[HOW TO COMPLETE THIS TASK]
Shown below is a listing with pictures; reproduce exactly, and only, the lines between the ones containing "журналистов во Львове" and "Kiloztejidos colcha patchwork", inclusive, leaving the pictures out.

[GIVEN ENTRIES]
┄┄┄┄┄┄┄┄┄┄
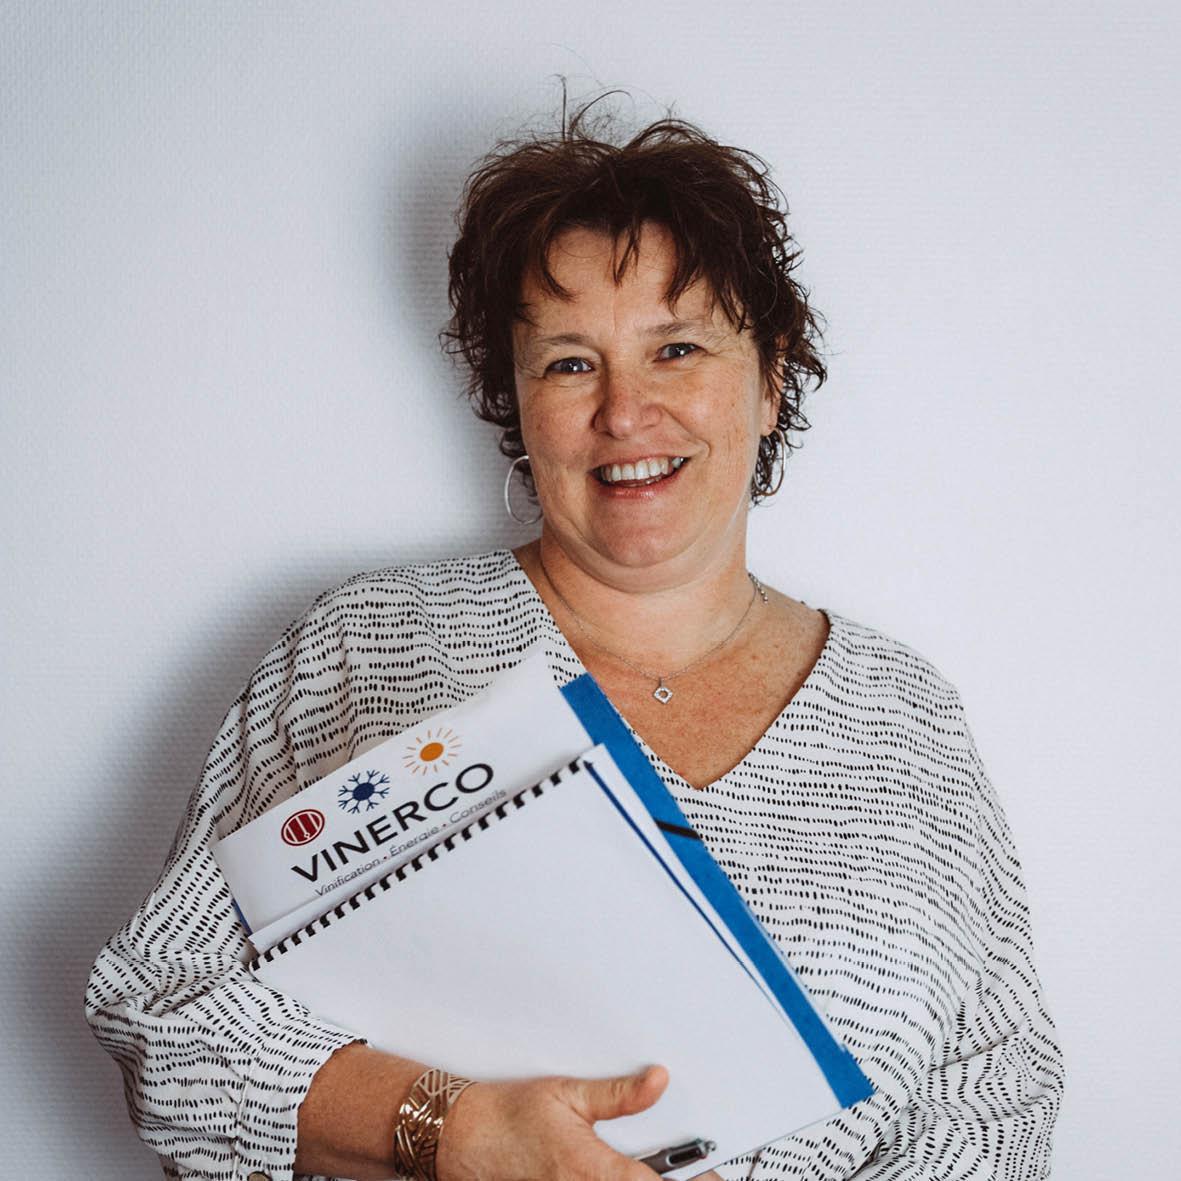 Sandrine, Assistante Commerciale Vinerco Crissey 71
┄┄┄┄┄┄┄┄┄┄
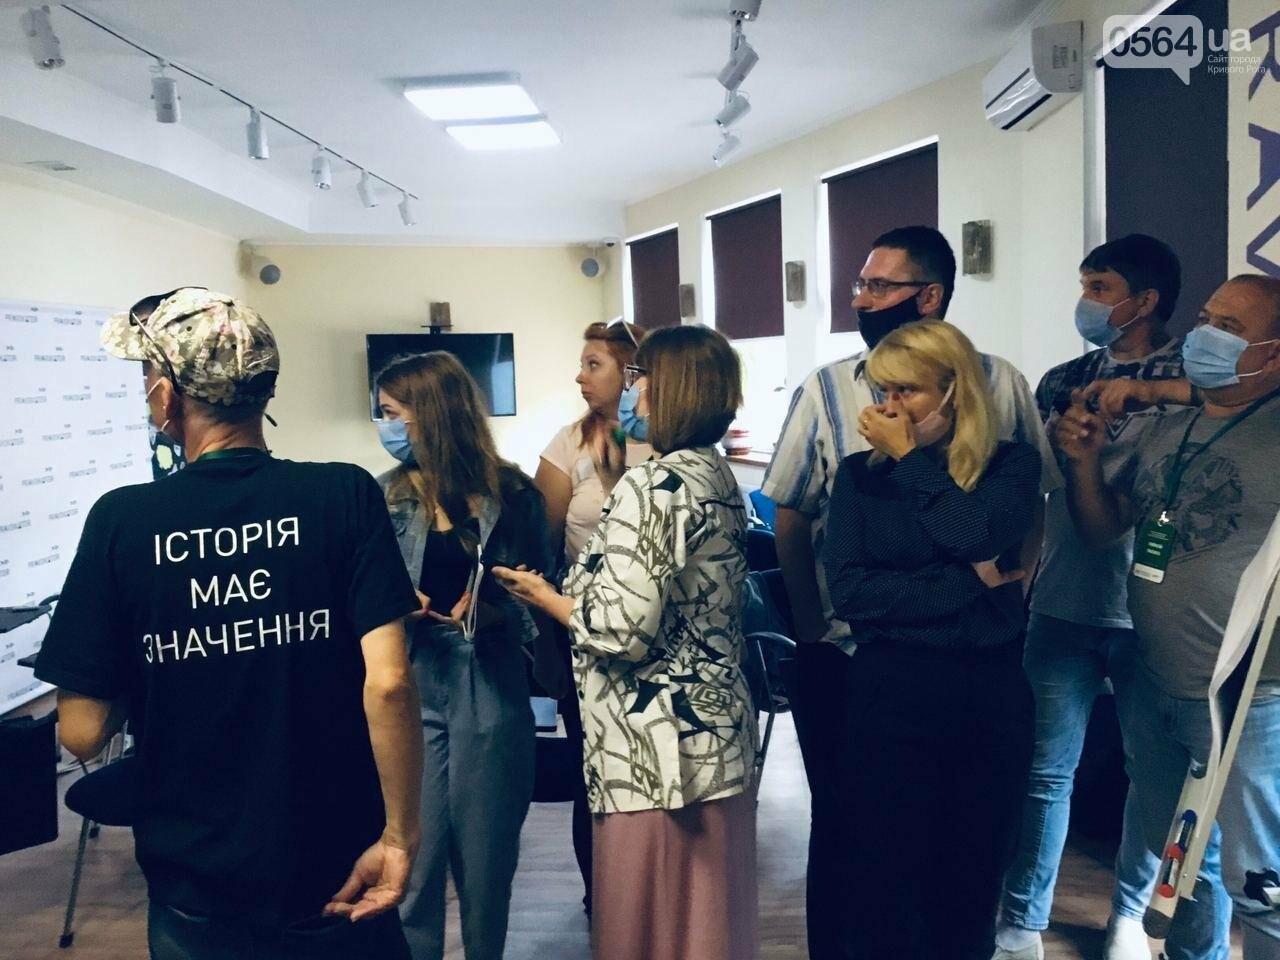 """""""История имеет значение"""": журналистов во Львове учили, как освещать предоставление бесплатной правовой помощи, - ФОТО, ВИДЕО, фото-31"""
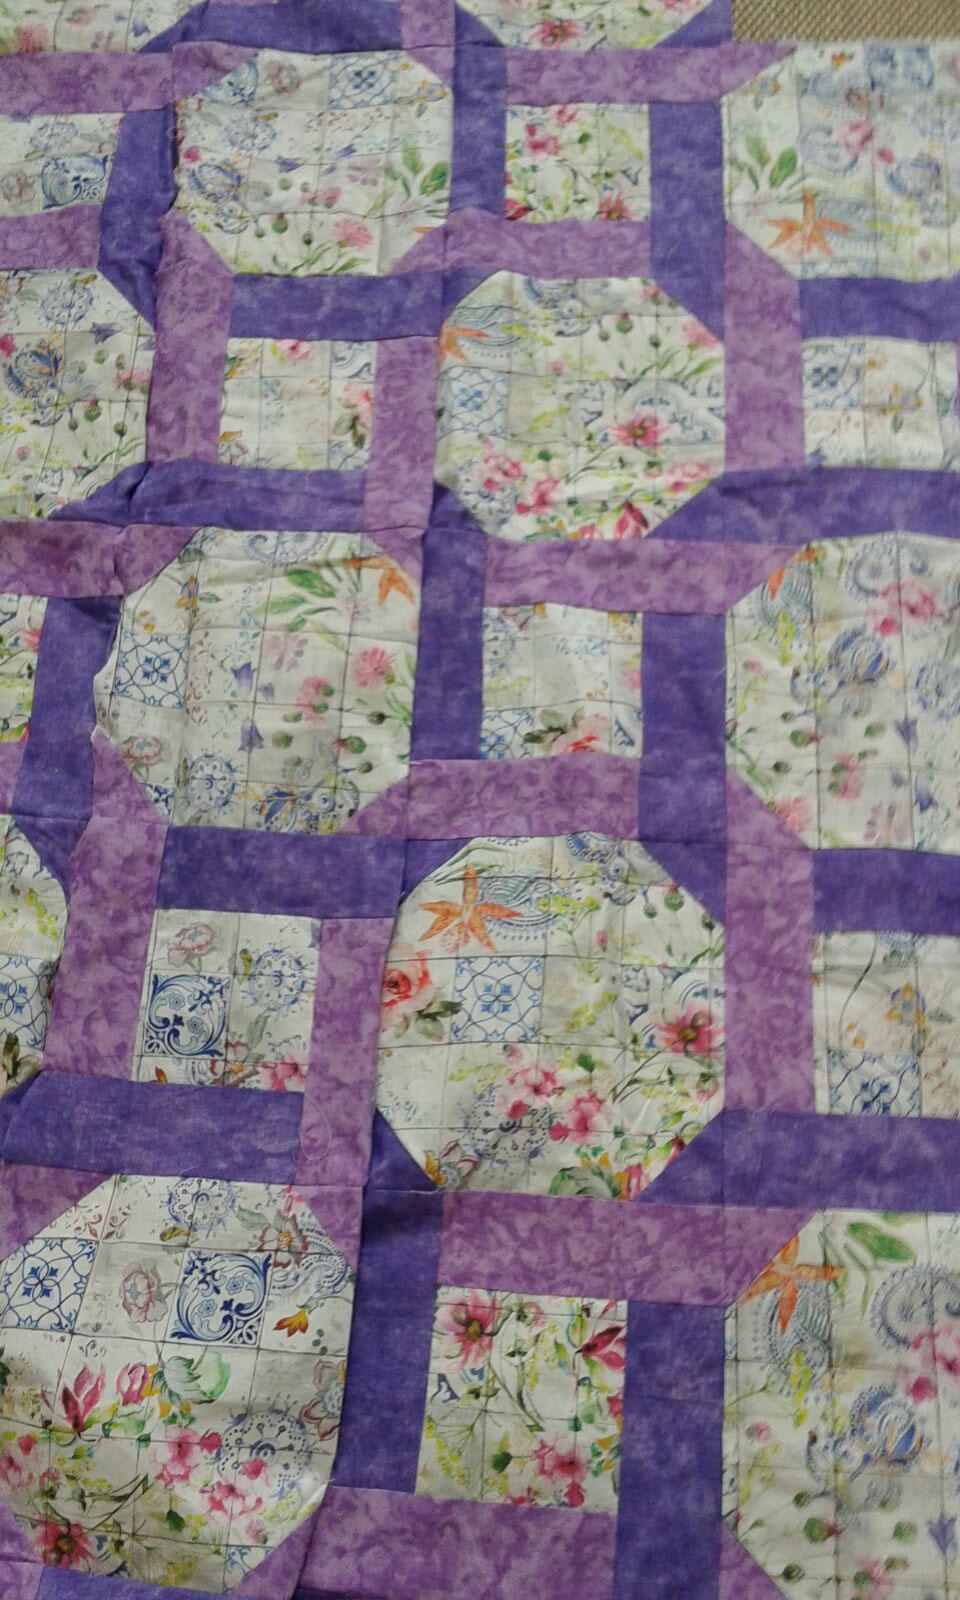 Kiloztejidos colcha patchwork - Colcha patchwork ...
┄┄┄┄┄┄┄┄┄┄
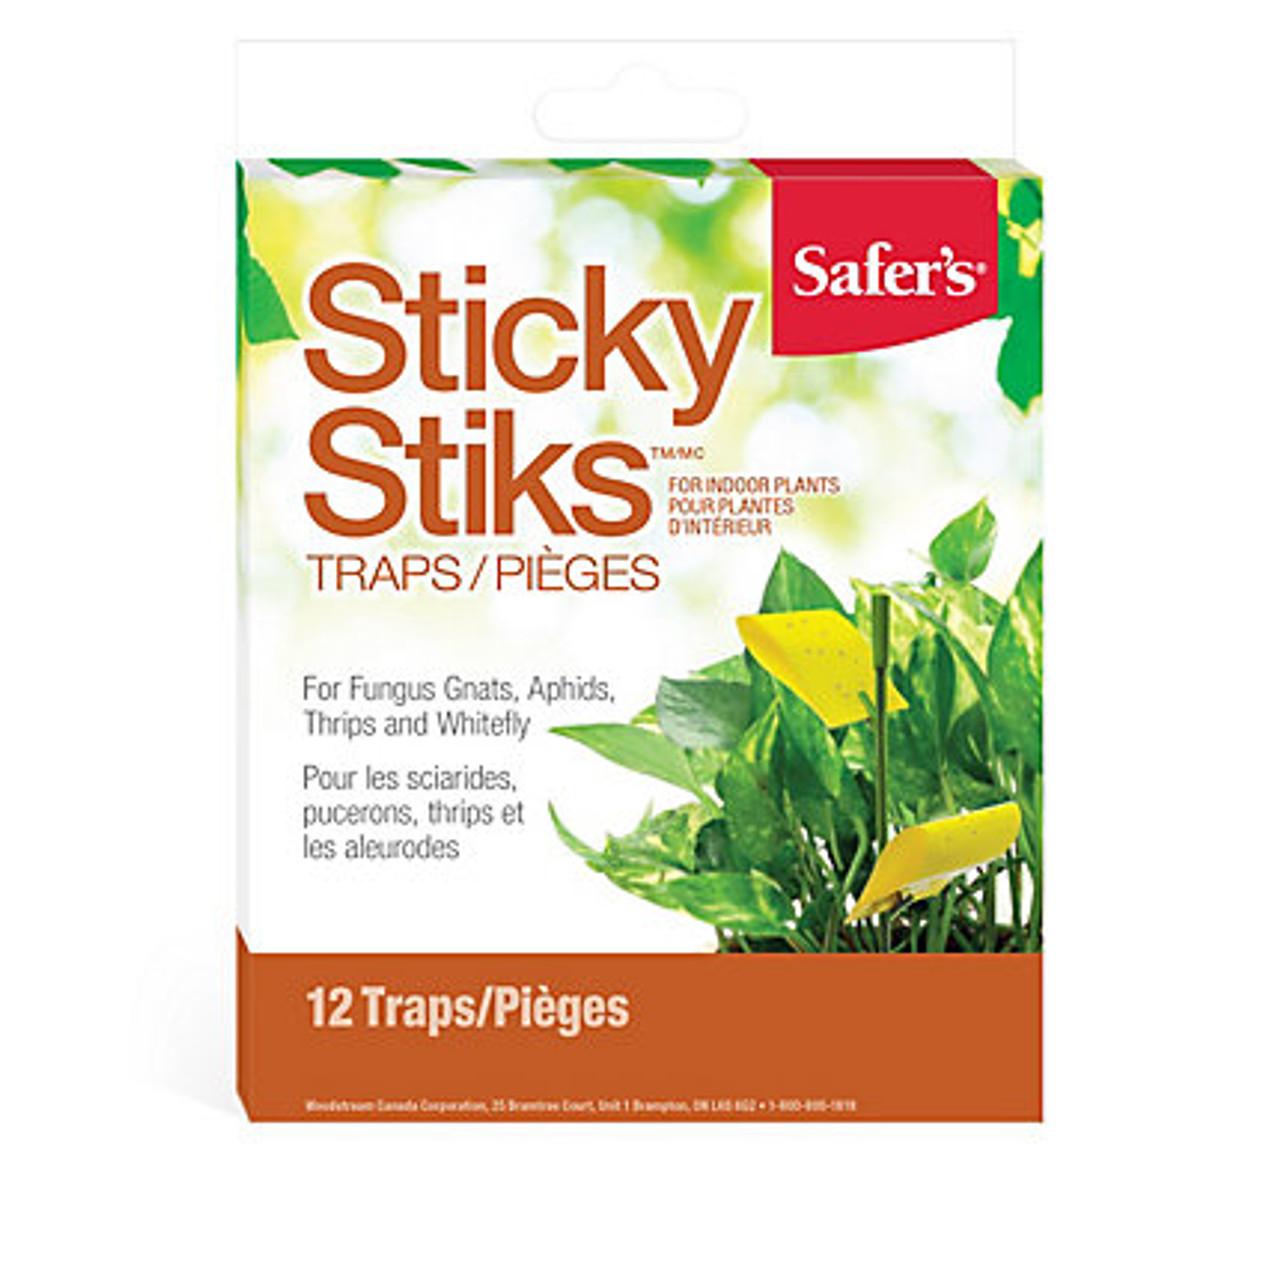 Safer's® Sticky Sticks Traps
┄┄┄┄┄┄┄┄┄┄
[ANSWER TO THIS PROBLEM]
 """""""История имеет значение"""": журналистов во Львове учили, как освещать предоставление бесплатной правовой помощи, - ФОТО, ВИДЕО, фото-31"""
 Kiloztejidos colcha patchwork - Colcha patchwork ...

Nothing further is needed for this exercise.